┏━━

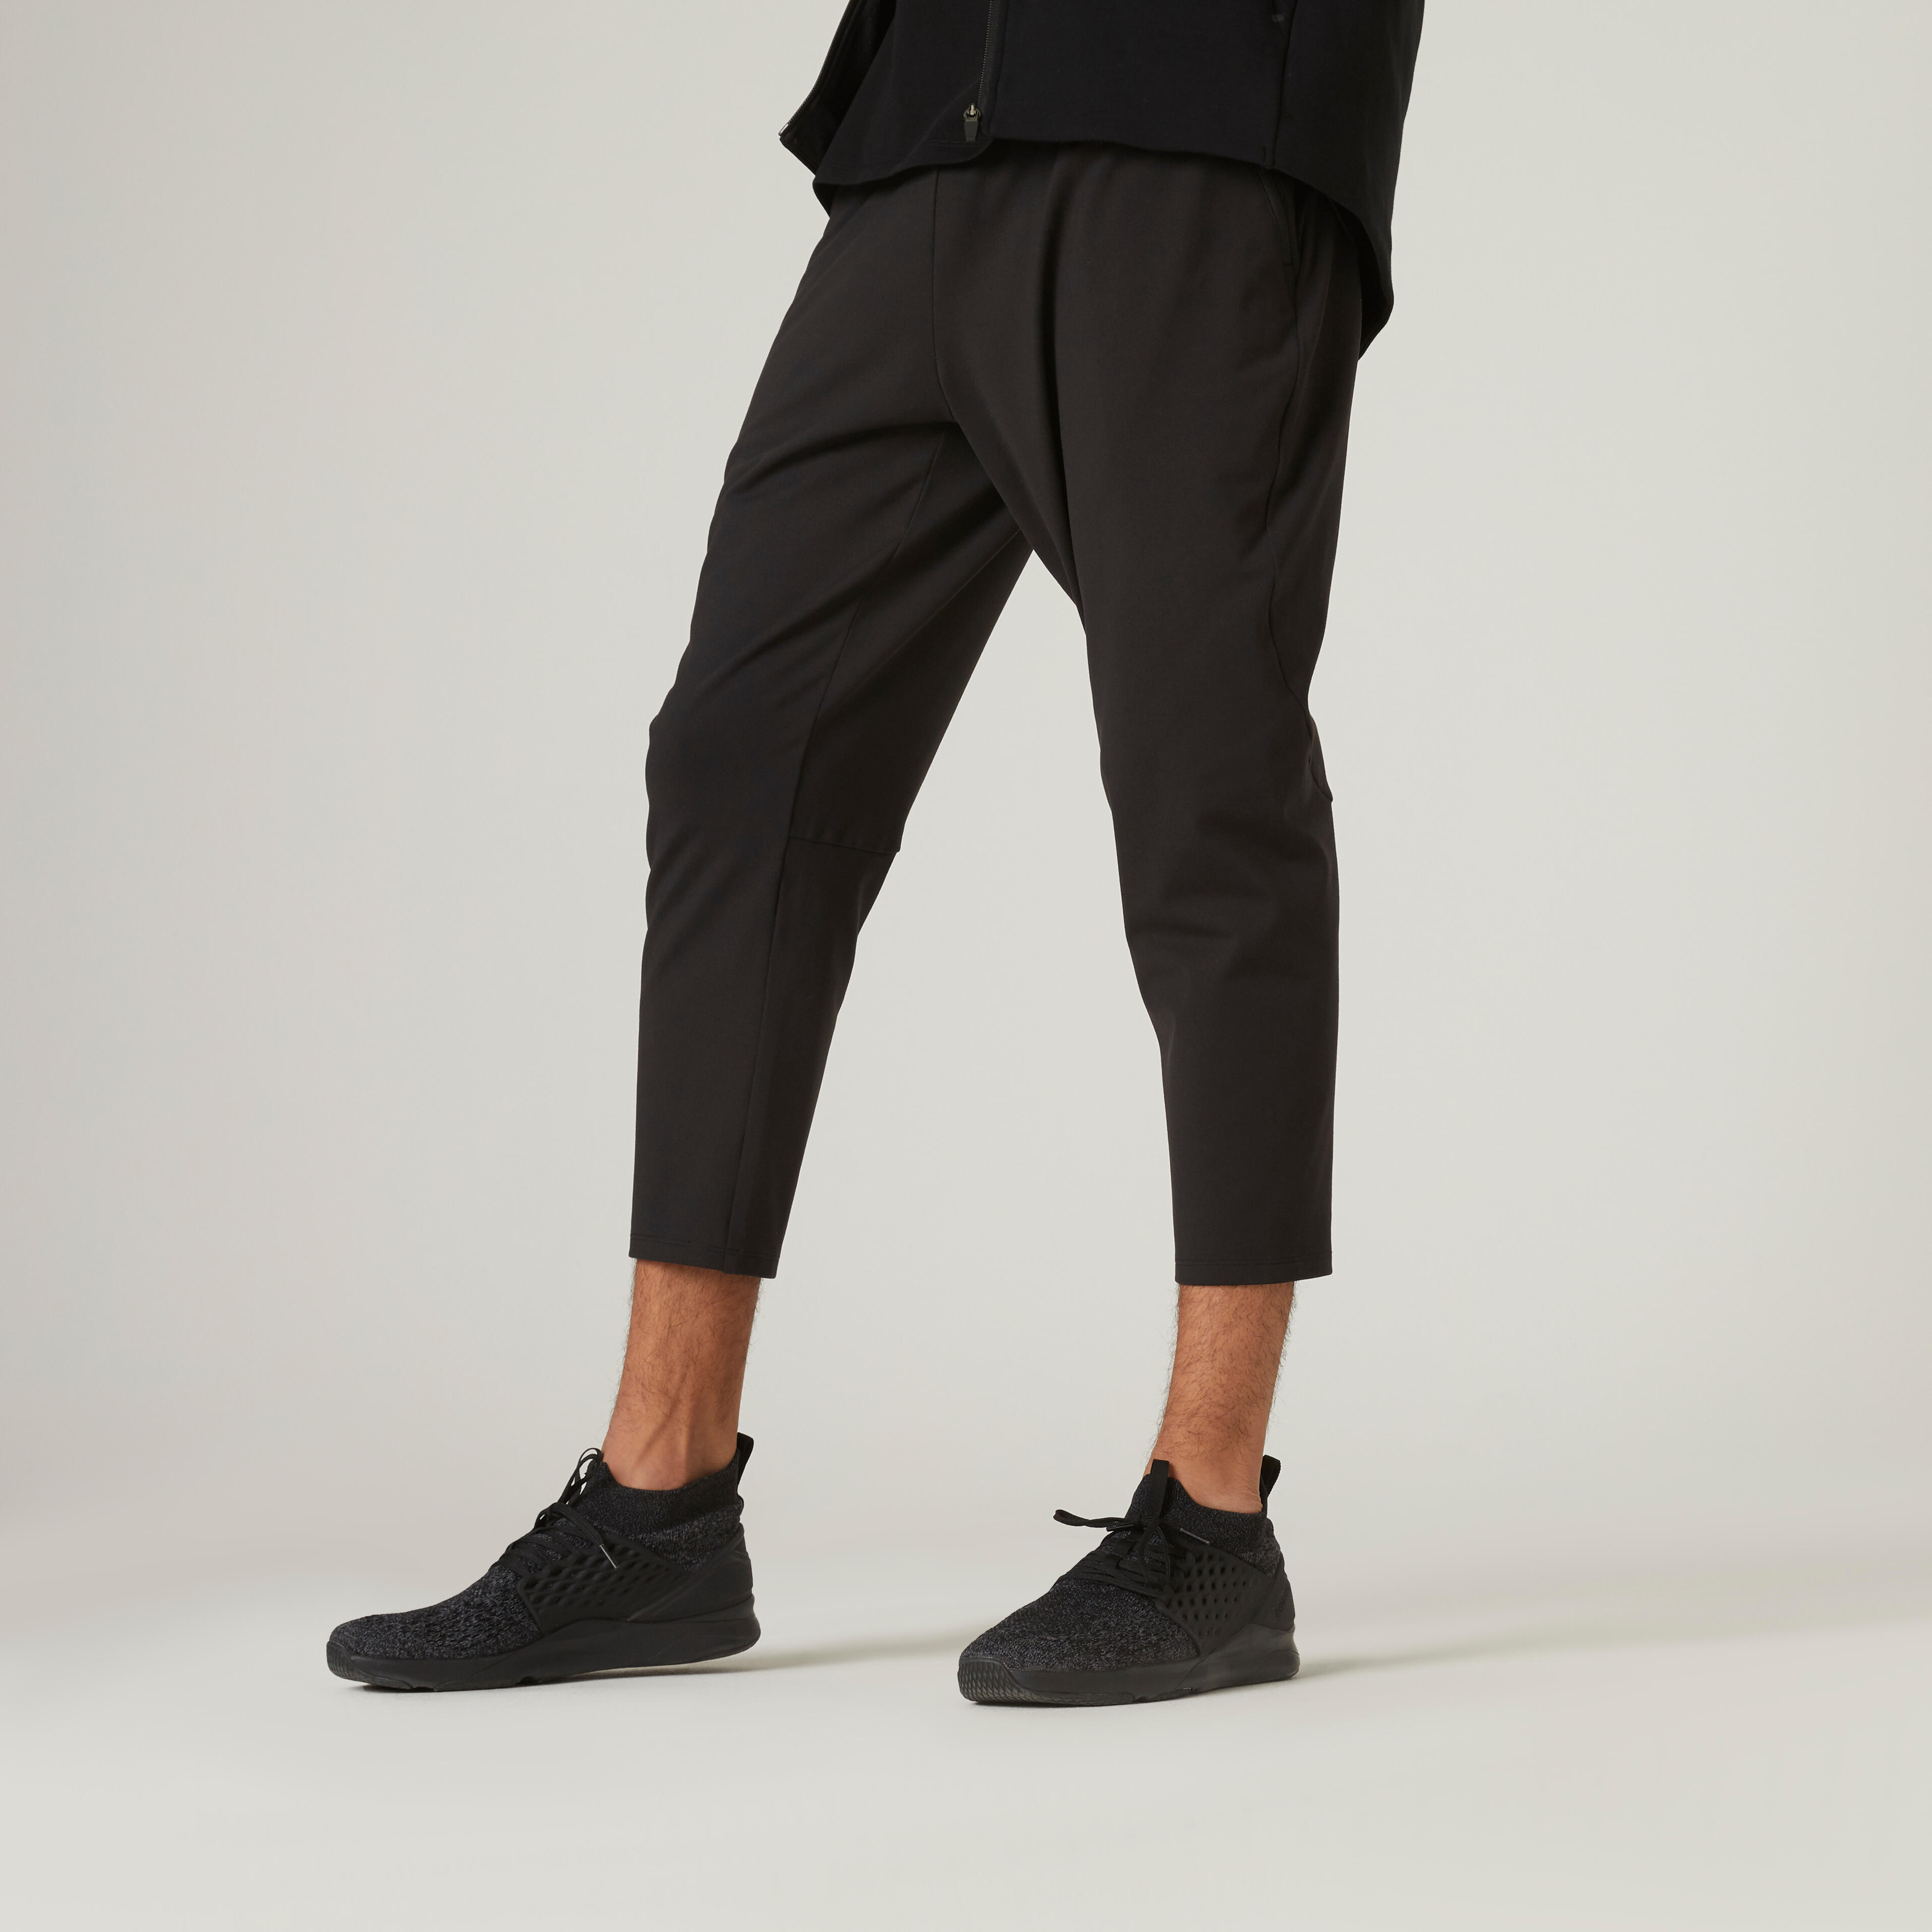 Buy Nike DriFIT Woven Team Training Pants from the Next UK online shop
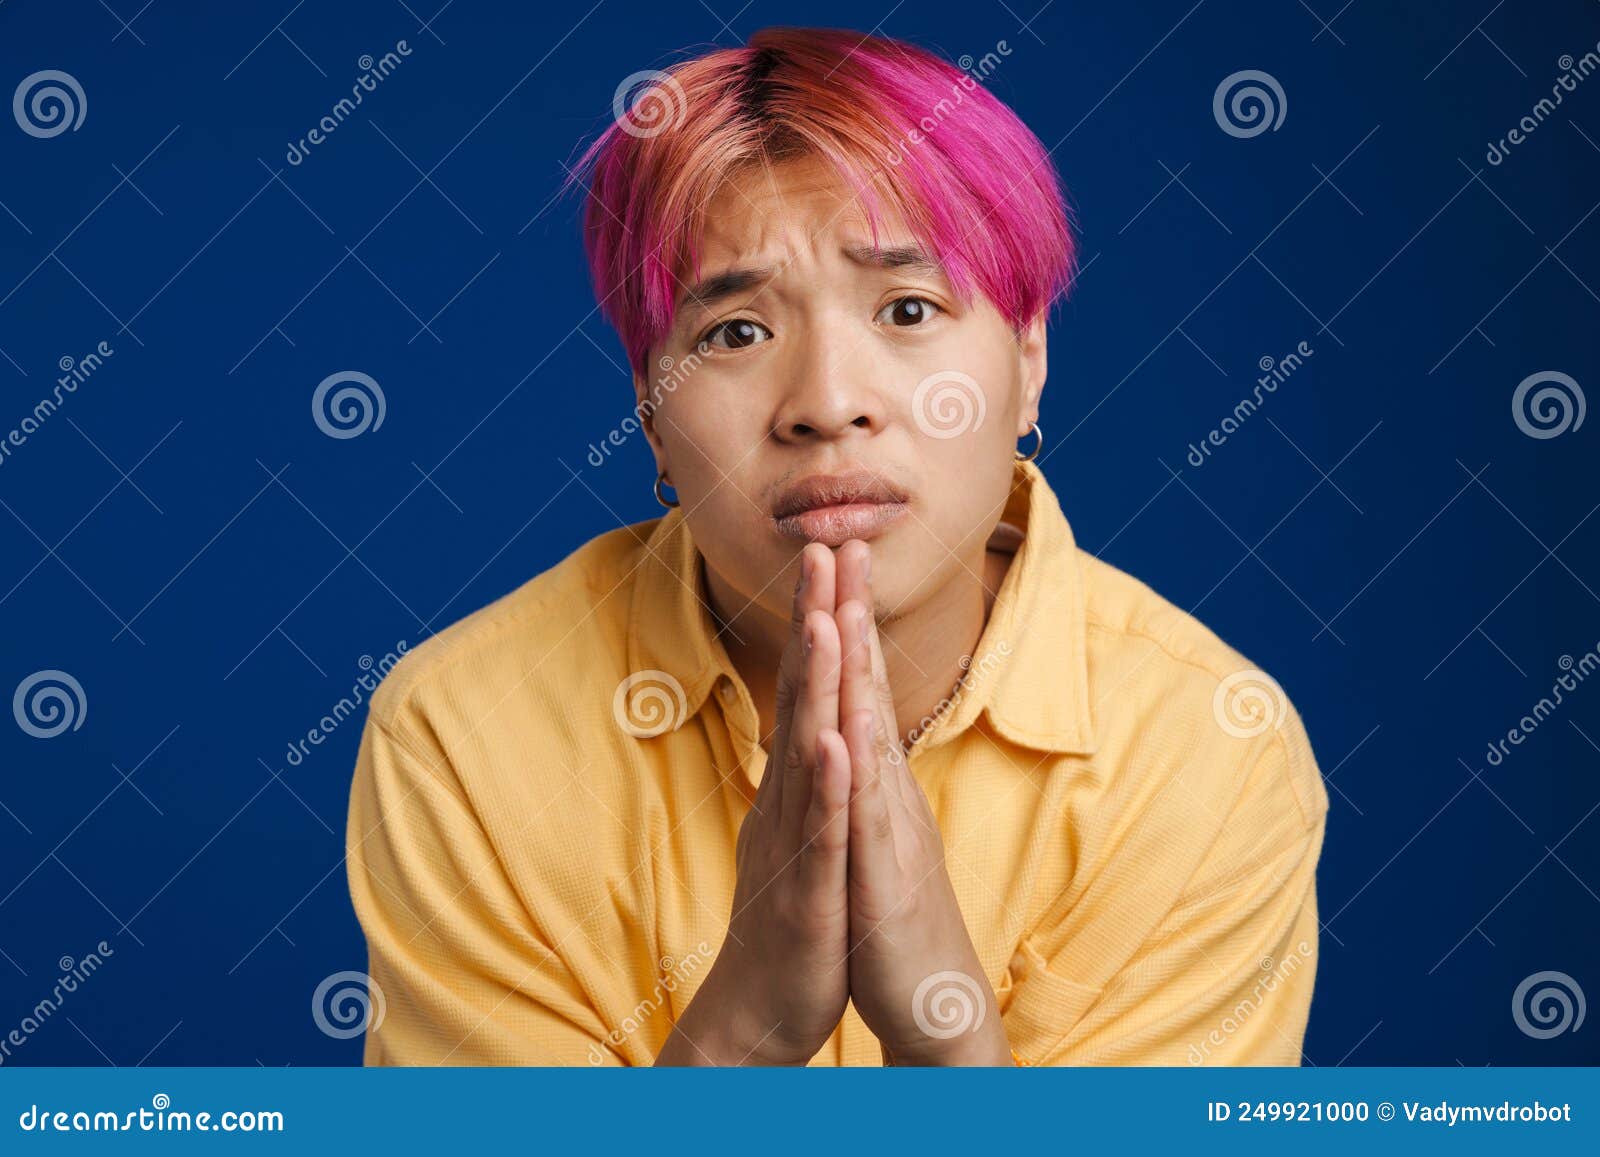 asian boy with pink hair frowning while payer gesture
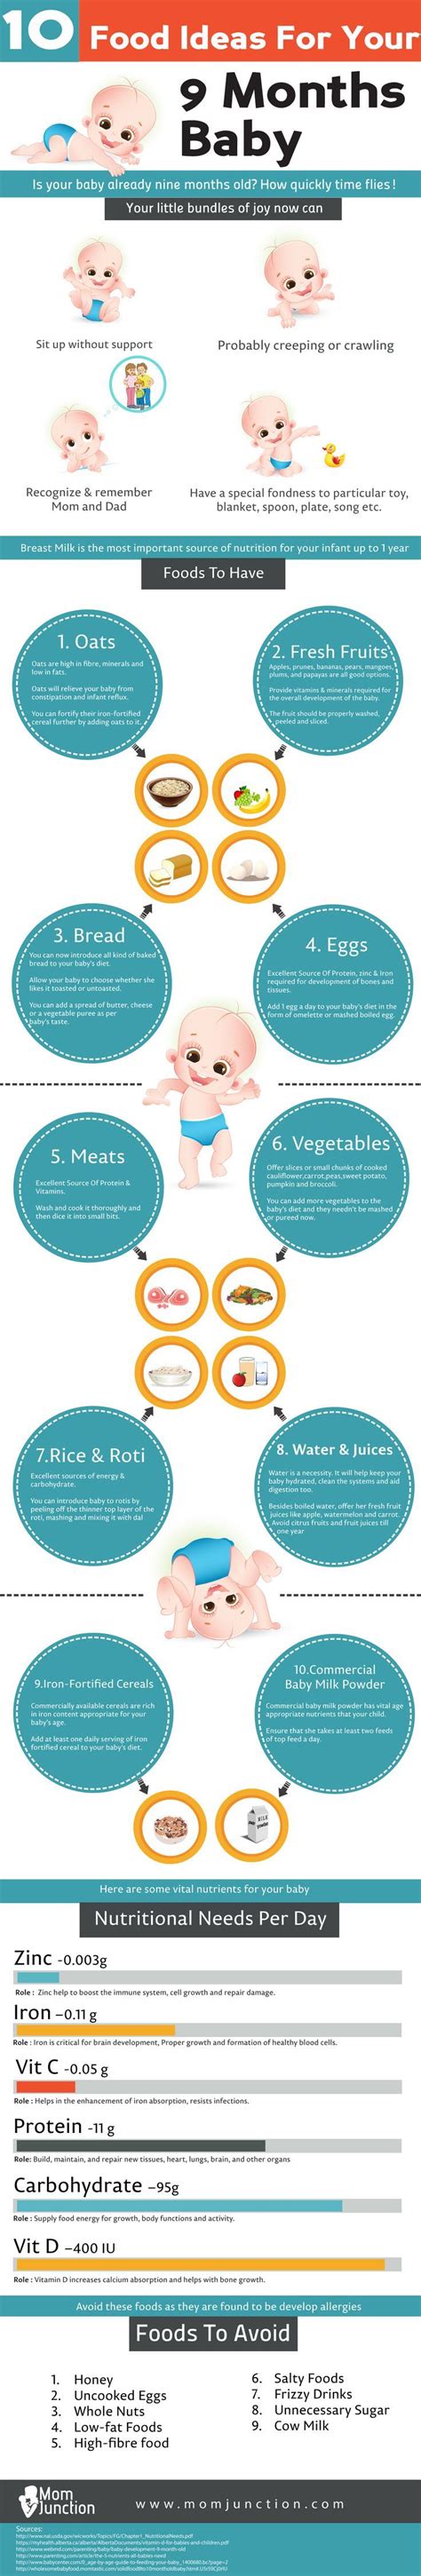 The ninth month is a very crucial and exciting month for the baby as they learn to crawl, play independently, and even start communicating a little bit. 9 Month Baby Food: Top 10 Food Ideas And 4 Interesting ...
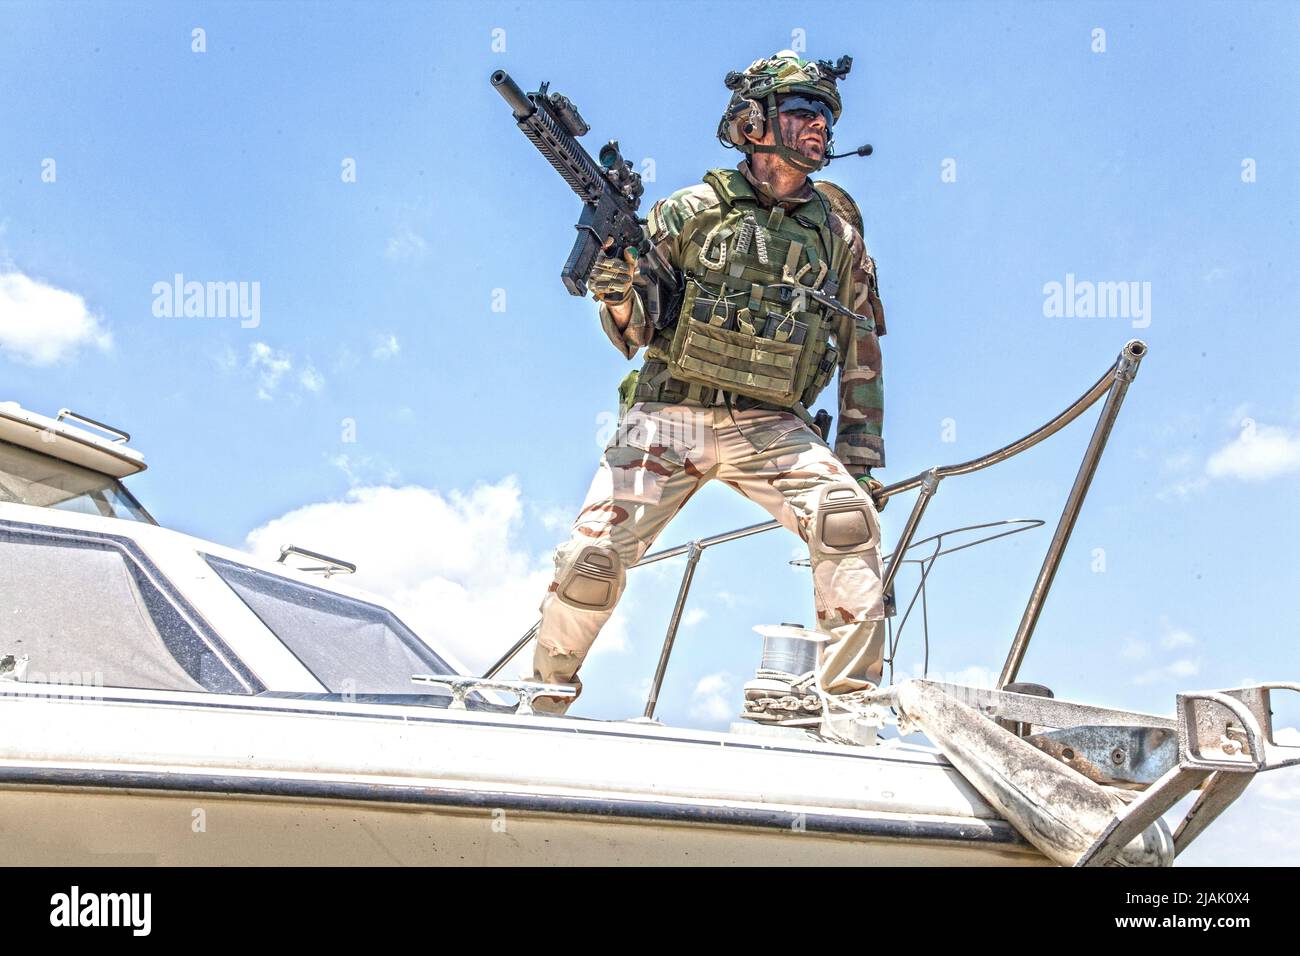 Special forces soldier armed with rifle, standing on bow of a speed boat. Stock Photo

┗━━

- _DESCRIPTION OF THE TASK_
Once the pictures are set aside, output the whole listing exactly.

- _RESULT FOR THIS TASK_
 Buy Nike DriFIT Woven Team Training Pants from the Next UK online shop
 asian boy with pink hair frowning while payer gesture
 The ninth month is a very crucial and exciting month for the baby as they learn to crawl, play independently, and even start communicating a little bit. 9 Month Baby Food: Top 10 Food Ideas And 4 Interesting ...
 Special forces soldier armed with rifle, standing on bow of a speed boat. Stock Photo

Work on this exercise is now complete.